2018’s Port Jervis Women’s March

PORT JERVIS, N.Y.  — Yesterday, Saturday, Jan. 20, over 200 individuals came in respects to sister marches happening across the state, and around the nation, in solidarity with disempowered women and especially those most at-risk with the current Presidential Administration.


“Ignite people into action.”

Patty Baughman

St_PetersAt the St Peter’s Lutheran Church in Port Jervis an estimated 250 individuals gathered for the first anniversary of the March. Last year, in sheer protest of President Trump’s inauguration, 800 demonstrators, according to organizer Patty Baughsman, packed the streets for the 1.5-mile march through Port Jervis. This year, in respect to those less able to make the hike, the March route was cut short to a tenth of a mile, with handfuls staying behind at the Church.

Get another idea of what it was like here.

Here you’ll find the top five greatest signs at Port’s Women’s March.

First organized, last year, as the brain-baby of her friend, Gaye Hartwig, the March was pulled together by Baughman a week before the event.

In addition to suggesting the work of Sojourners, a faith and political organization in Washington, D.C., when asked what Hartwig would hope people took away from what she had to say Saturday, she answered that it could be summed up by verse:

“The King will reply, ‘Truly I tell you, whatever you did for one of the least of these brothers and sisters of mine, you did for me.”

Matthew 25:40, New International Version

A half-dozen women spoke across several topics all including the importance of getting involved, supporting those that are marginalized, and of course, getting out the vote.

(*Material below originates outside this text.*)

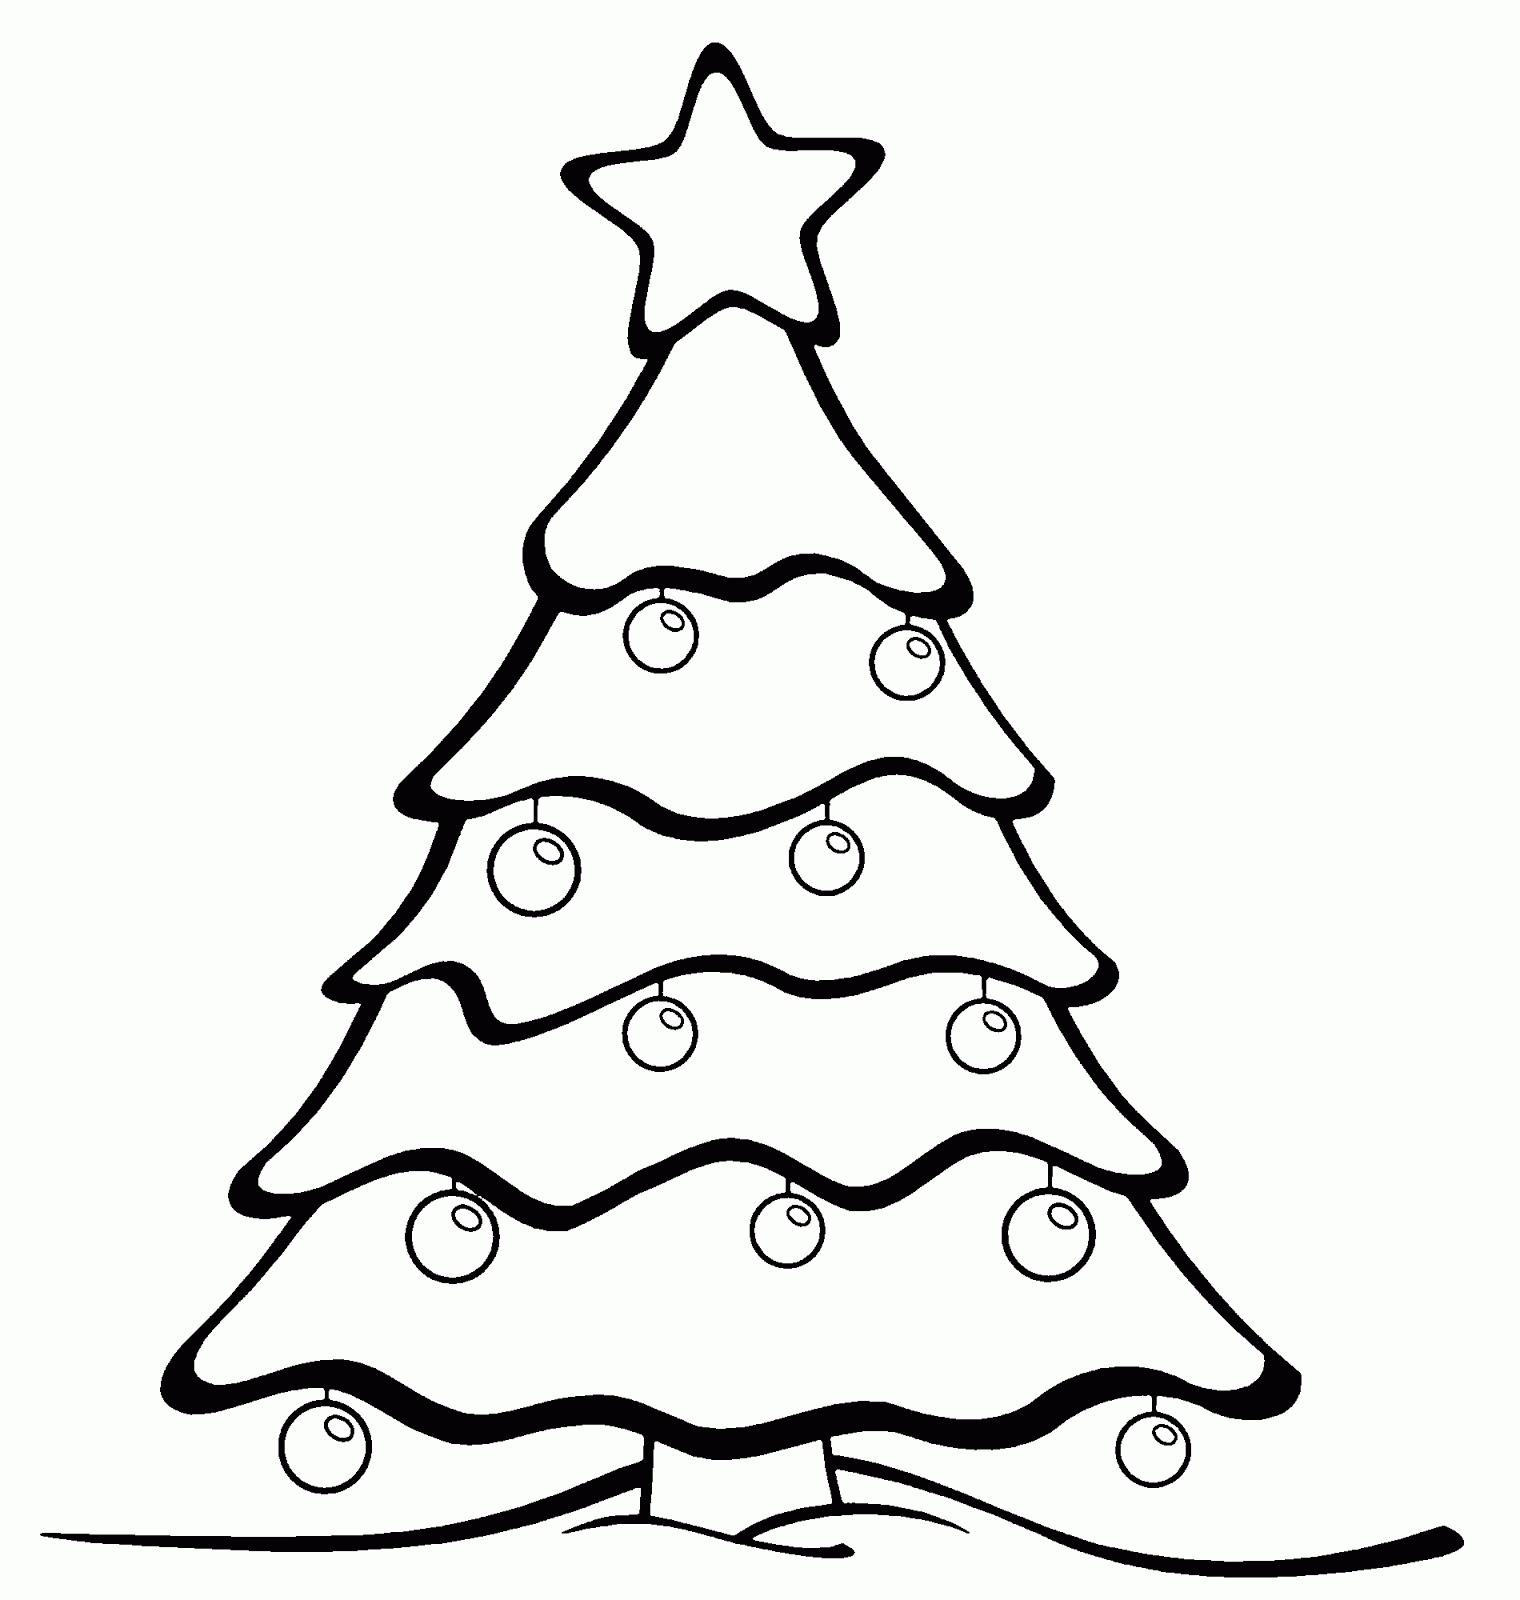 Dibujos de \u00c1rboles de Navidad para colorear e imprimir

Pastor Aaron Baughman closed the preceding speeches before the event-goers moved to the street to demonstrate and protest.

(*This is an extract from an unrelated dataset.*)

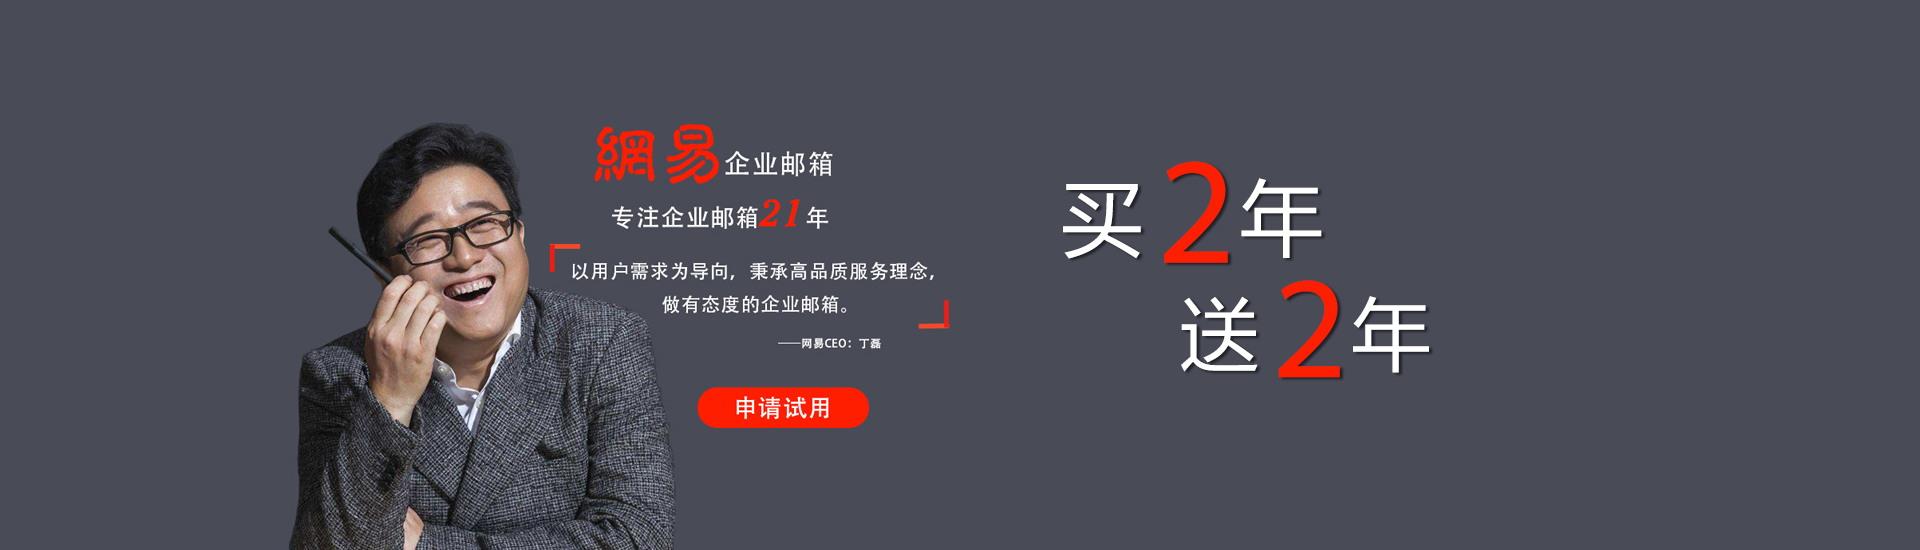 深圳企业邮箱
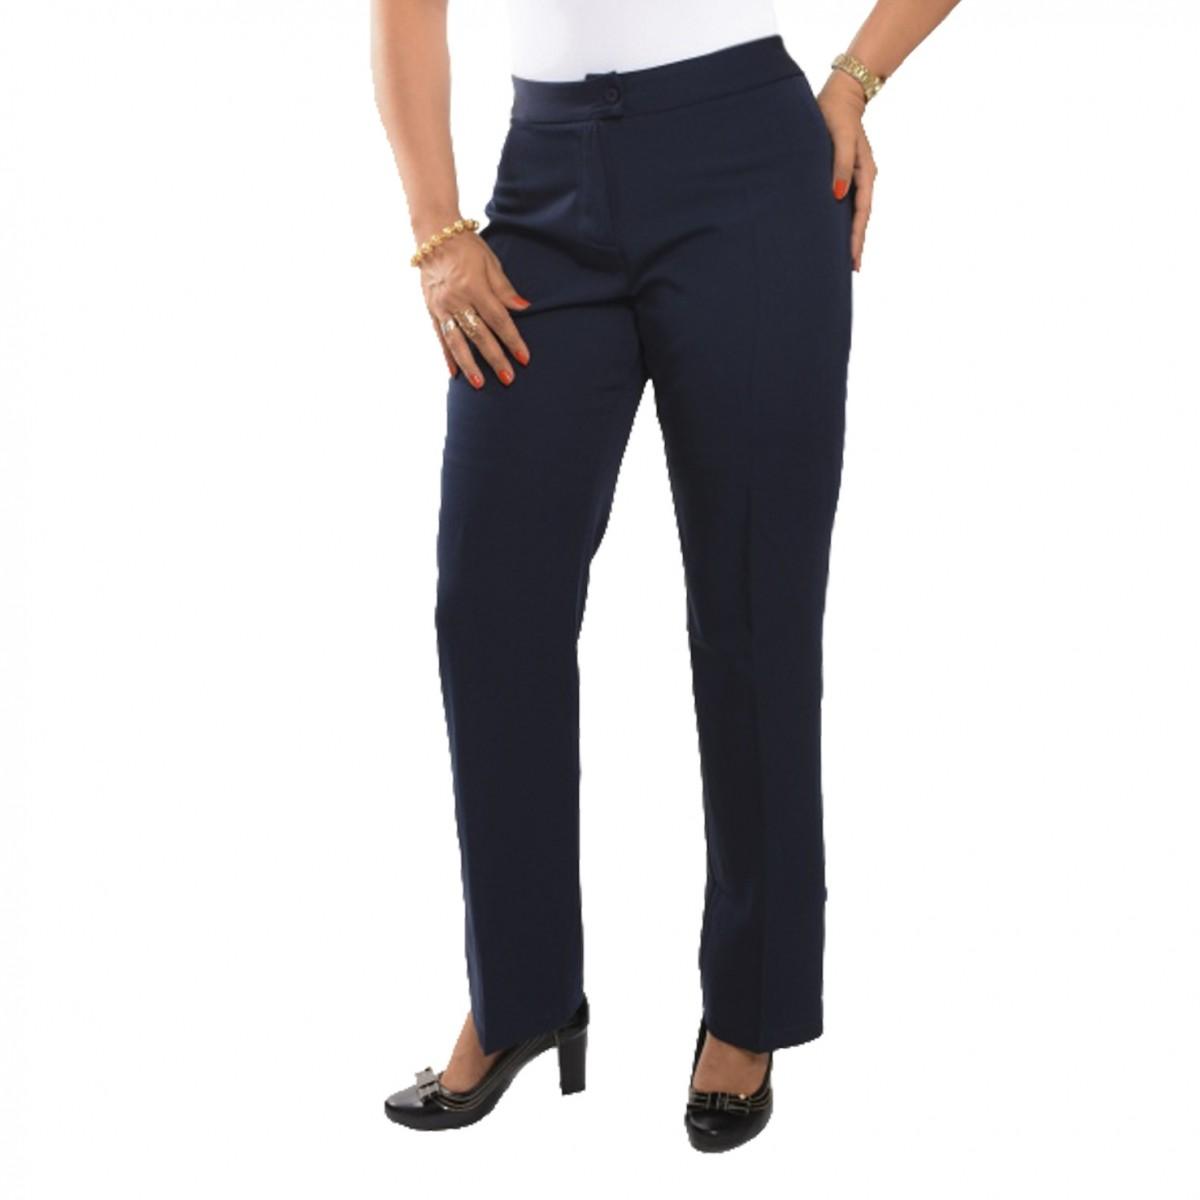 Calça Social Feminina Longa - Azul Marinho

The women who spoke ranged from members of the Church and the community to local activists and politicians. After Patty Baughman opened the floor this was the lineup:

  • Gaye Hartwig
  • Aileen Gunther — New York Assemblywoman  D-Forestburgh (keynote speaker)
  • Melissa Martin — full-time mother and community activist
  • Pramilla Malick — Protect Orange County Chair, and a recent candidate for office
  • Julika von Stackelberg — Cornell Cooperative Extension Orange County, Parenting and Family Life Educator
  • Michele McKeon — RECAP, Chief Operating Officer

Audio samples, so that you can be there without being there, and transcriptions, for continued discussion, forthcoming.

An Ending Note here:

It was interesting to see many women, children, and men (sadly no doggos tho) wearing pink, eared hats. The Pussyhat (like “pussycat”) as a number of ralliers had relayed, including member of the local activist group DemBones, Linda Louise, that the hat was a response to “grab them by the pussy,” a statement made by Donald Trump as “locker room talk” prior to the 2016 Presidential race.  However, this topic was avoided in the recent Times Herald-Record article about the event, avoiding the controversy of the word. Louise commented that the hat is to fight back against the misogyny of Trump, and not to perpetuate transmisogyny as someone she follows on Twitter, Tamela J Gordon, believes.


This post is in addition to Silence and Strategy, the Weekly Photo Challenge by the Daily Post, as well as their Daily Prompt, respectively.